→ Supplied information
——
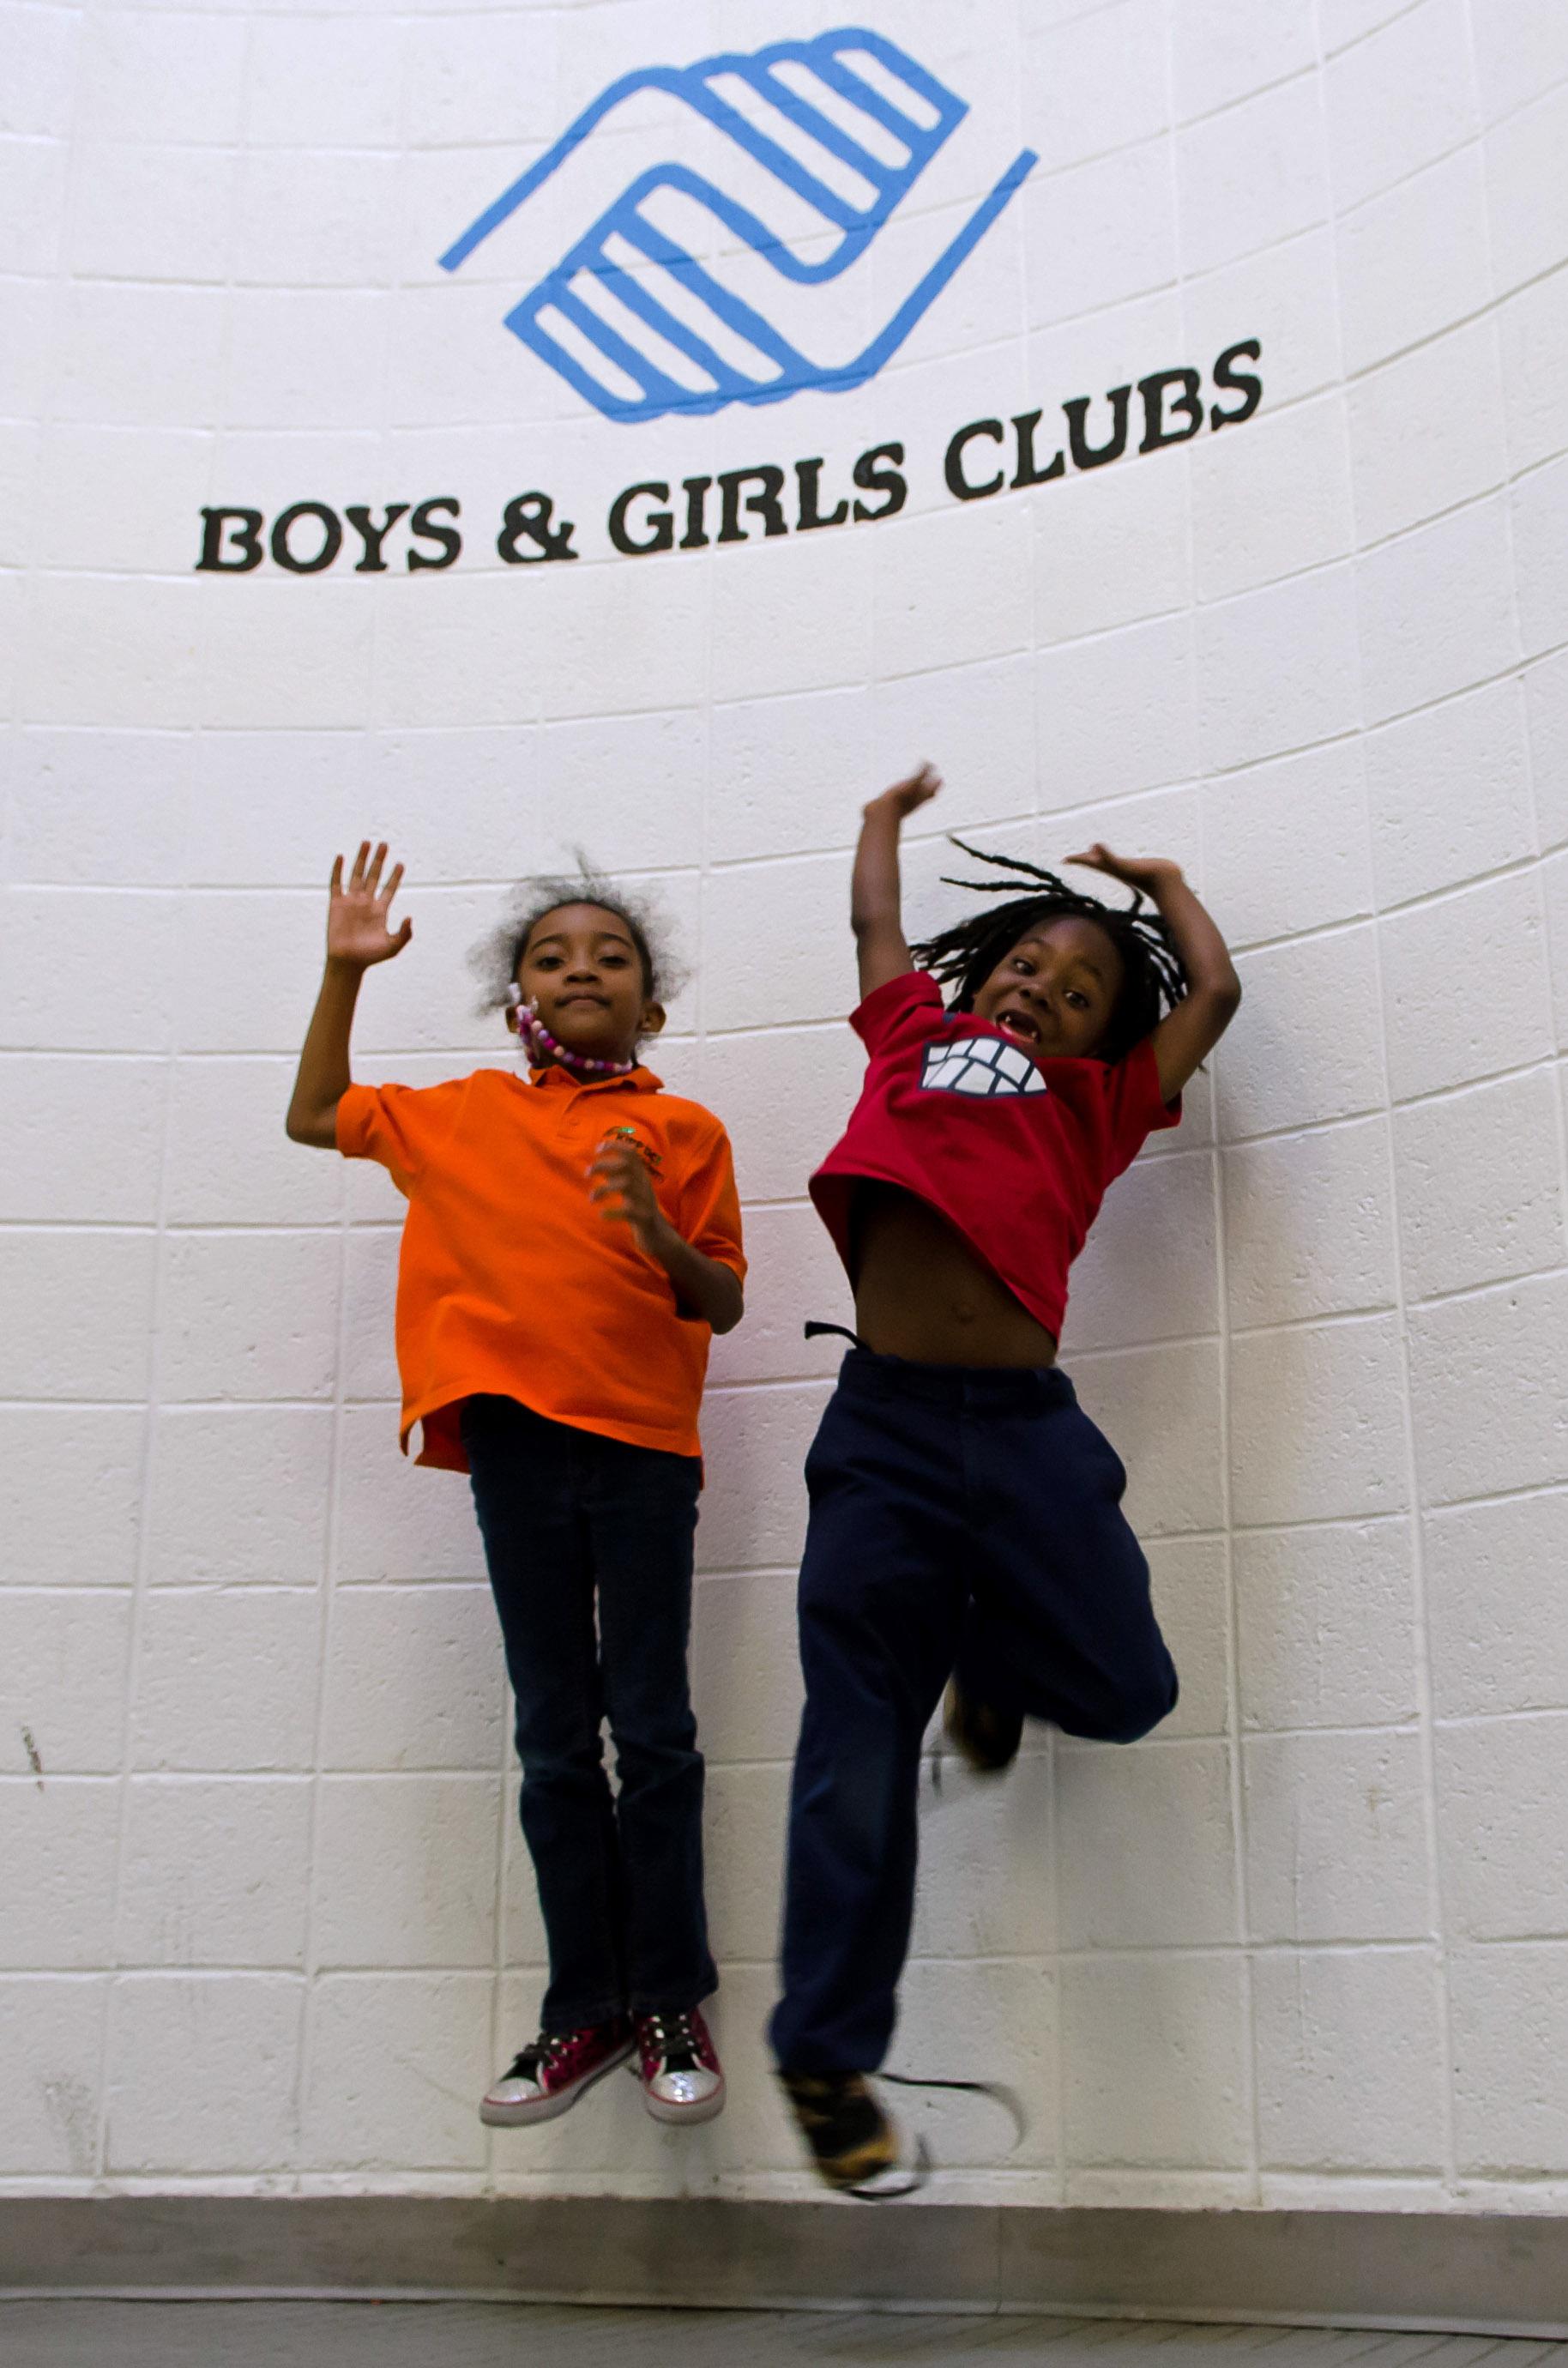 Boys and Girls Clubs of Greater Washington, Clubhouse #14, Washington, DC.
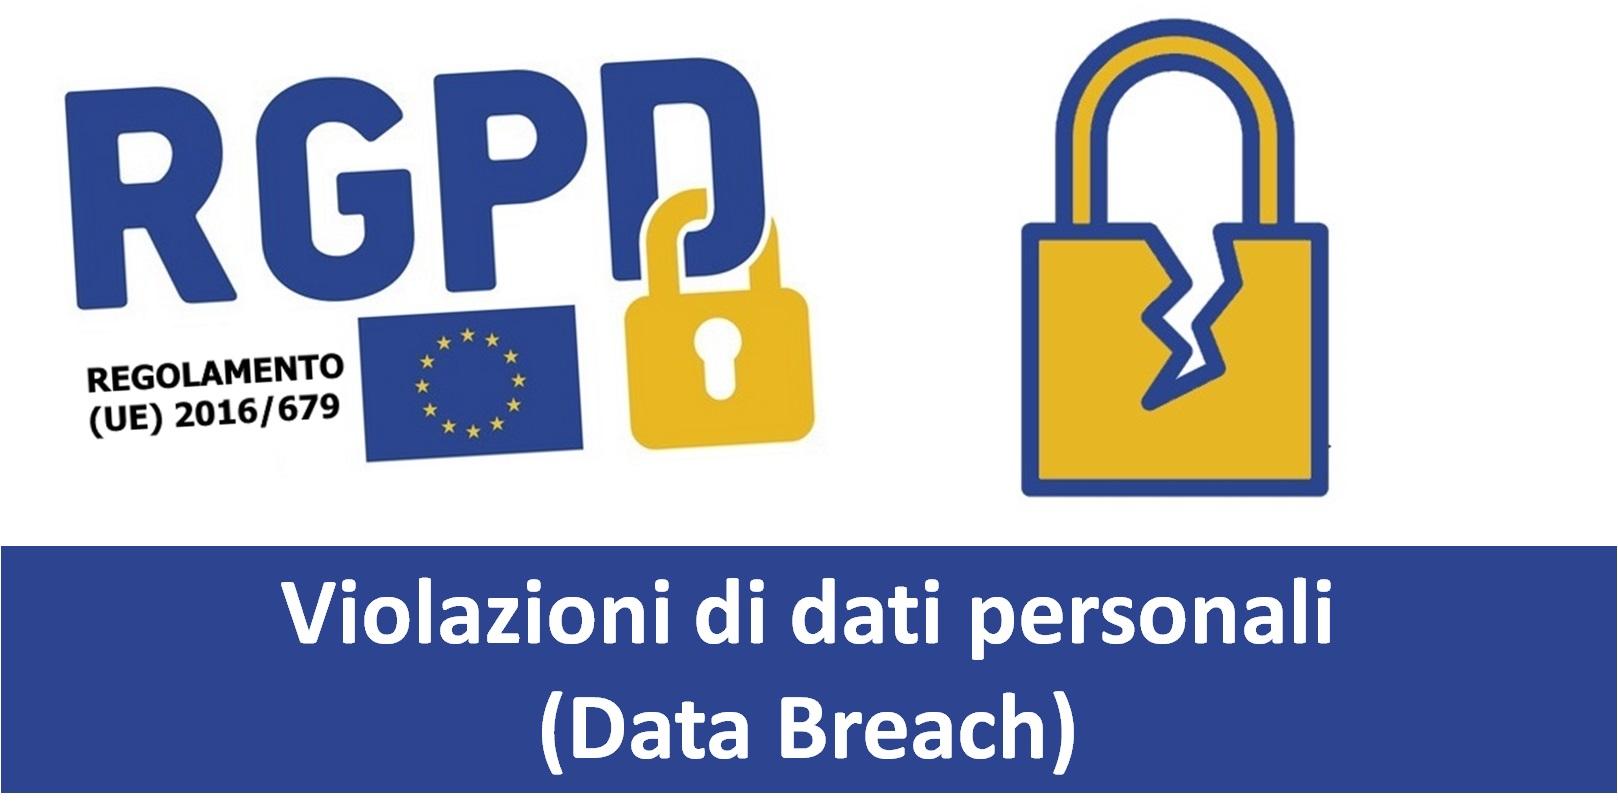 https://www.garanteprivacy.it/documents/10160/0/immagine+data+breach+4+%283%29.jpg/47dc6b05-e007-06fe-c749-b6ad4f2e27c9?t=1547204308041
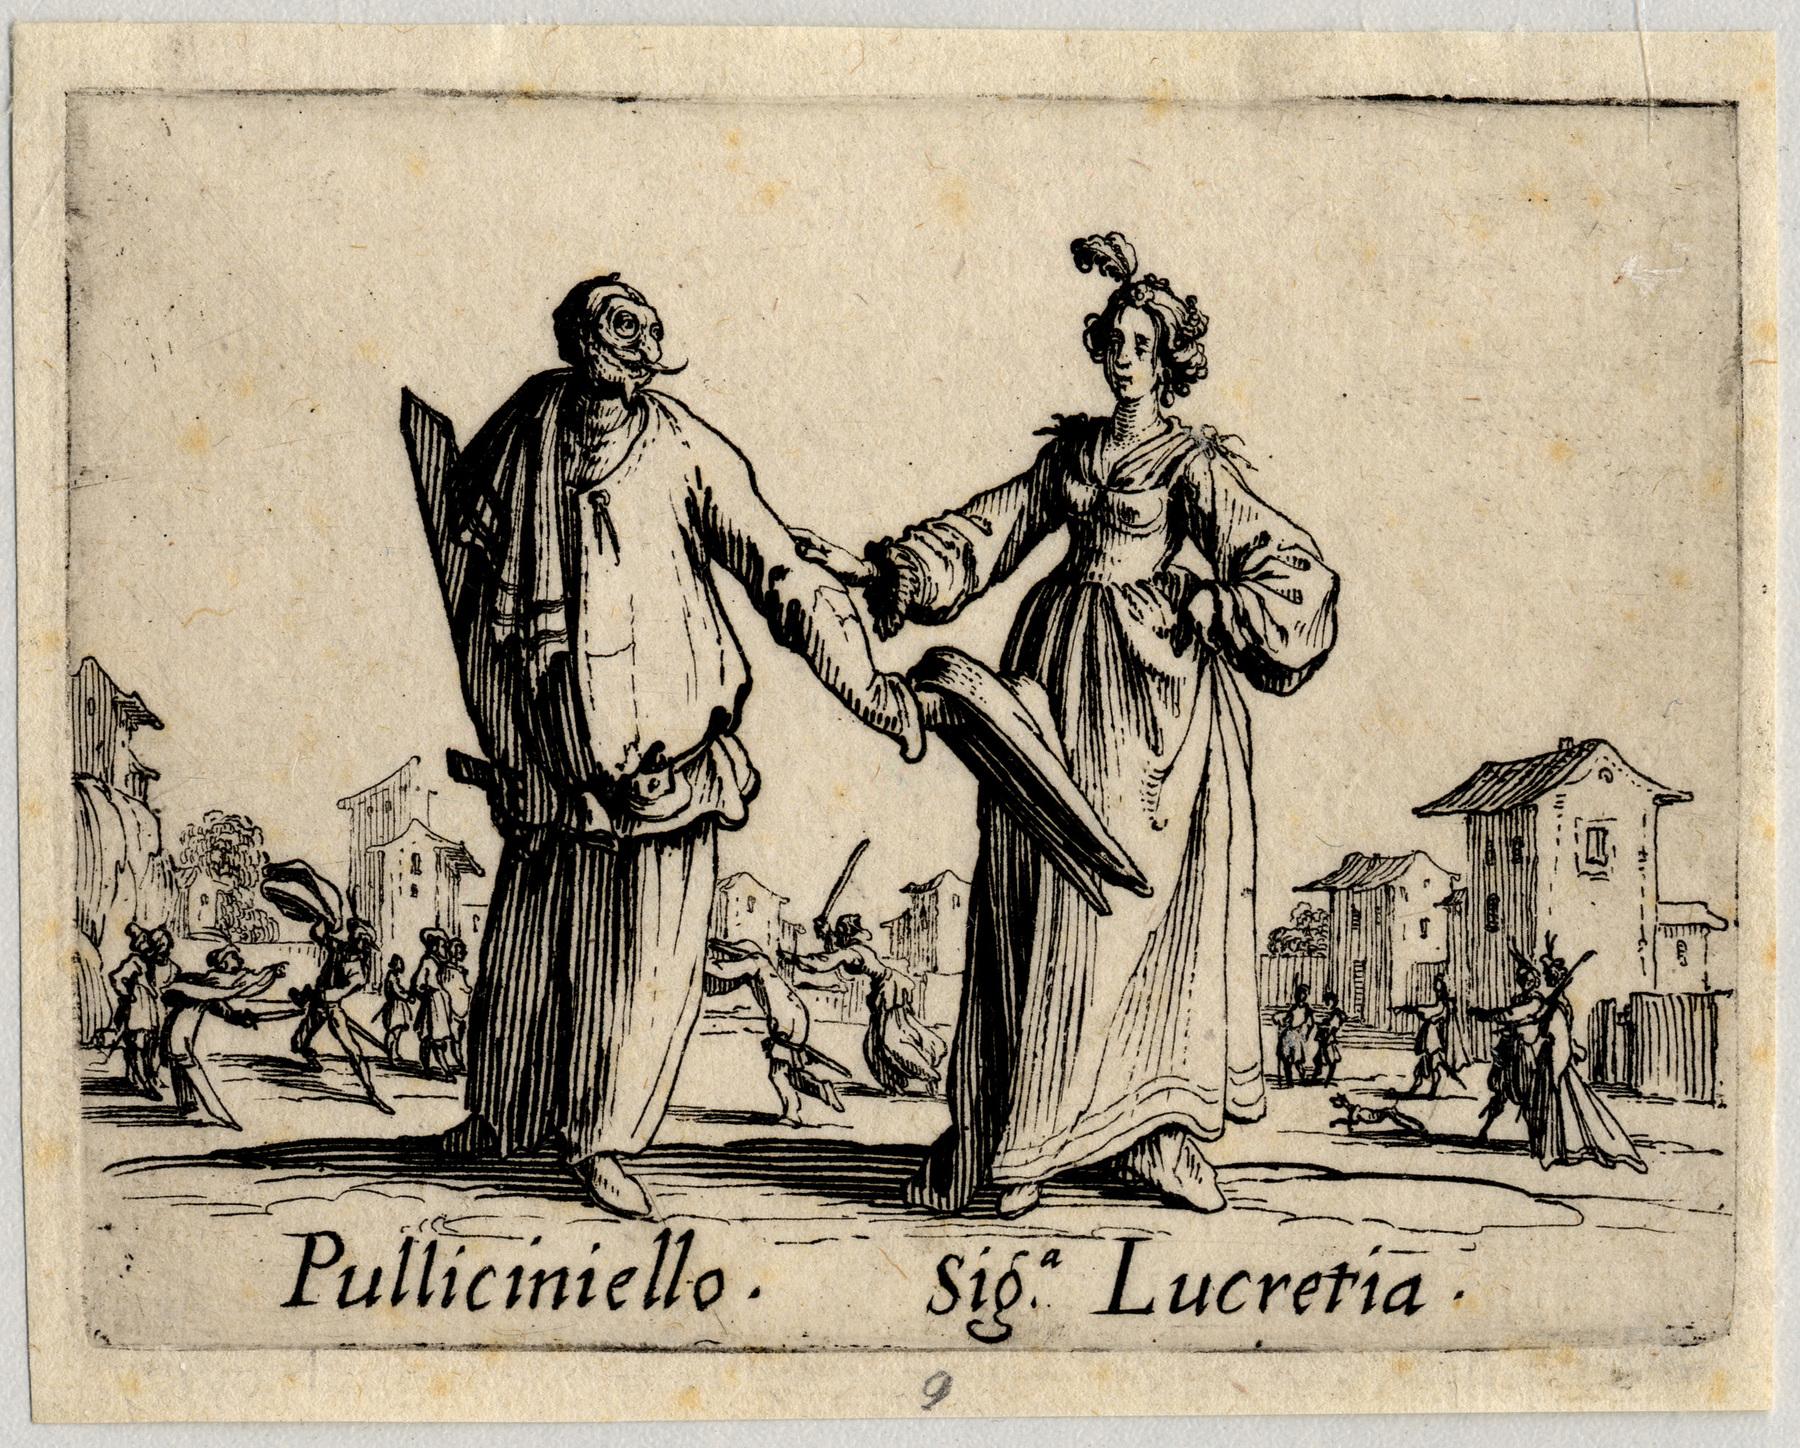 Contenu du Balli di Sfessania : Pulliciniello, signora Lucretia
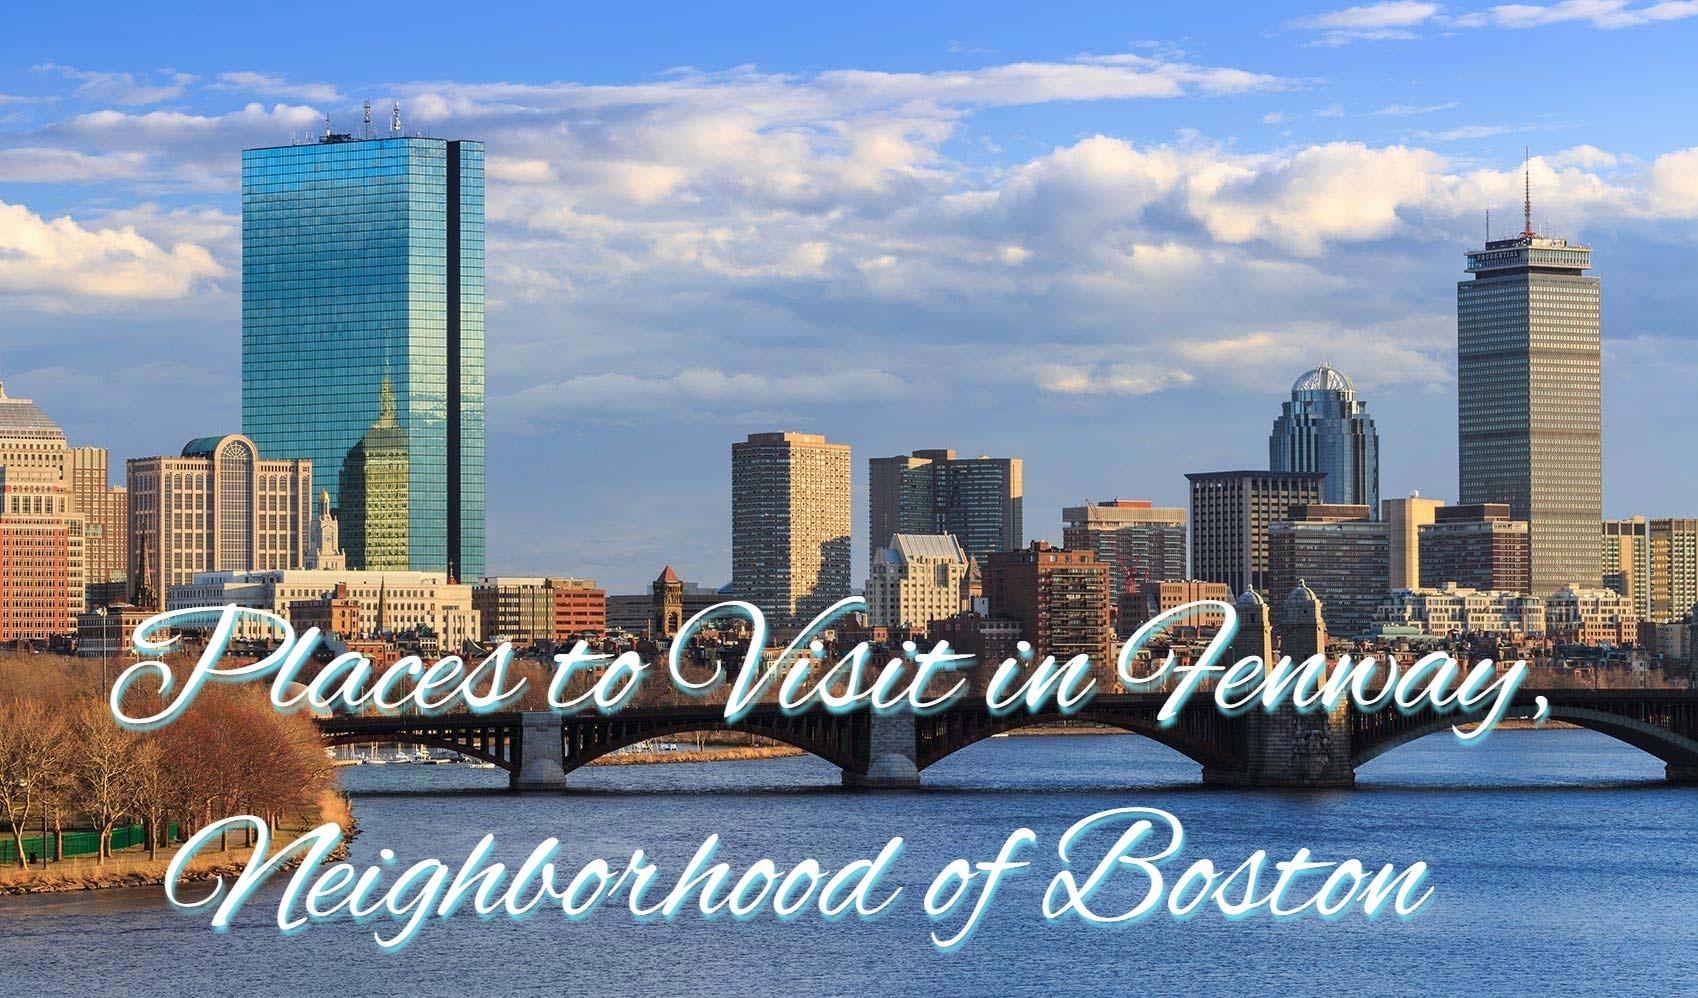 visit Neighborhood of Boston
——
→ What you should do
Write out exactly the lines from the line containing "Contenu du Balli" through the last line of the listing above, please, and leave out any pictures.

→ Written solution
 Contenu du Balli di Sfessania : Pulliciniello, signora Lucretia
 visit Neighborhood of Boston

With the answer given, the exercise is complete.